Saved data entries
= Beginning of Section =
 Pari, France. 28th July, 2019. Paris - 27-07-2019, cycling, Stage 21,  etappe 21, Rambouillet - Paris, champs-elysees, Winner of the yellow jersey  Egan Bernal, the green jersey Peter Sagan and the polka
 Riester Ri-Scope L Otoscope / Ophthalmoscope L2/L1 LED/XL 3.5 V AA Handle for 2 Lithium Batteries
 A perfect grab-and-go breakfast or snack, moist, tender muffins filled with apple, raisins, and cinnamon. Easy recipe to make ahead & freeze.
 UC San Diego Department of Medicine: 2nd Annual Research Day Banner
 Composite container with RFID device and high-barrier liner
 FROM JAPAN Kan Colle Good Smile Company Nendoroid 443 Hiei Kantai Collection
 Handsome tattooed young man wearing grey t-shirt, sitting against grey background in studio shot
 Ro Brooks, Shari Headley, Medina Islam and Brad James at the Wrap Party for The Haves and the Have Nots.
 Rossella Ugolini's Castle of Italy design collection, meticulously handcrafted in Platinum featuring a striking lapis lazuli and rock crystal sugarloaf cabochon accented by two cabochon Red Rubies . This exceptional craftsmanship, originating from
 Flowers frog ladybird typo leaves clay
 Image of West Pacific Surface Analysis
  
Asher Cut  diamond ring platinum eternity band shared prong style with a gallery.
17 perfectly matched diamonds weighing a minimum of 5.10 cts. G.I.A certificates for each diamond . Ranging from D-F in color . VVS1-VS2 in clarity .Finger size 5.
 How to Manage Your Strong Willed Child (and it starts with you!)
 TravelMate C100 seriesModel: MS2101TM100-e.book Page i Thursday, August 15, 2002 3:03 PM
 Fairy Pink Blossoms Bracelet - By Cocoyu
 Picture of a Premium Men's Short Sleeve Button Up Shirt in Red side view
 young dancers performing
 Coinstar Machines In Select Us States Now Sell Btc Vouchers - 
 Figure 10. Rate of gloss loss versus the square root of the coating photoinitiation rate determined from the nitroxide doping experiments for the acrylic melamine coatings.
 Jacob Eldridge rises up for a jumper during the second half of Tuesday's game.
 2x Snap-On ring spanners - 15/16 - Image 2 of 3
= End of Section =
**What you are asked to do:** Each of the records shown above needs to be repeated exactly.

**Response below:**
 Pari, France. 28th July, 2019. Paris - 27-07-2019, cycling, Stage 21,  etappe 21, Rambouillet - Paris, champs-elysees, Winner of the yellow jersey  Egan Bernal, the green jersey Peter Sagan and the polka
 Riester Ri-Scope L Otoscope / Ophthalmoscope L2/L1 LED/XL 3.5 V AA Handle for 2 Lithium Batteries
 A perfect grab-and-go breakfast or snack, moist, tender muffins filled with apple, raisins, and cinnamon. Easy recipe to make ahead & freeze.
 UC San Diego Department of Medicine: 2nd Annual Research Day Banner
 Composite container with RFID device and high-barrier liner
 FROM JAPAN Kan Colle Good Smile Company Nendoroid 443 Hiei Kantai Collection
 Handsome tattooed young man wearing grey t-shirt, sitting against grey background in studio shot
 Ro Brooks, Shari Headley, Medina Islam and Brad James at the Wrap Party for The Haves and the Have Nots.
 Rossella Ugolini's Castle of Italy design collection, meticulously handcrafted in Platinum featuring a striking lapis lazuli and rock crystal sugarloaf cabochon accented by two cabochon Red Rubies . This exceptional craftsmanship, originating from
 Flowers frog ladybird typo leaves clay
 Image of West Pacific Surface Analysis
  
Asher Cut  diamond ring platinum eternity band shared prong style with a gallery.
17 perfectly matched diamonds weighing a minimum of 5.10 cts. G.I.A certificates for each diamond . Ranging from D-F in color . VVS1-VS2 in clarity .Finger size 5.
 How to Manage Your Strong Willed Child (and it starts with you!)
 TravelMate C100 seriesModel: MS2101TM100-e.book Page i Thursday, August 15, 2002 3:03 PM
 Fairy Pink Blossoms Bracelet - By Cocoyu
 Picture of a Premium Men's Short Sleeve Button Up Shirt in Red side view
 young dancers performing
 Coinstar Machines In Select Us States Now Sell Btc Vouchers - 
 Figure 10. Rate of gloss loss versus the square root of the coating photoinitiation rate determined from the nitroxide doping experiments for the acrylic melamine coatings.
 Jacob Eldridge rises up for a jumper during the second half of Tuesday's game.
 2x Snap-On ring spanners - 15/16 - Image 2 of 3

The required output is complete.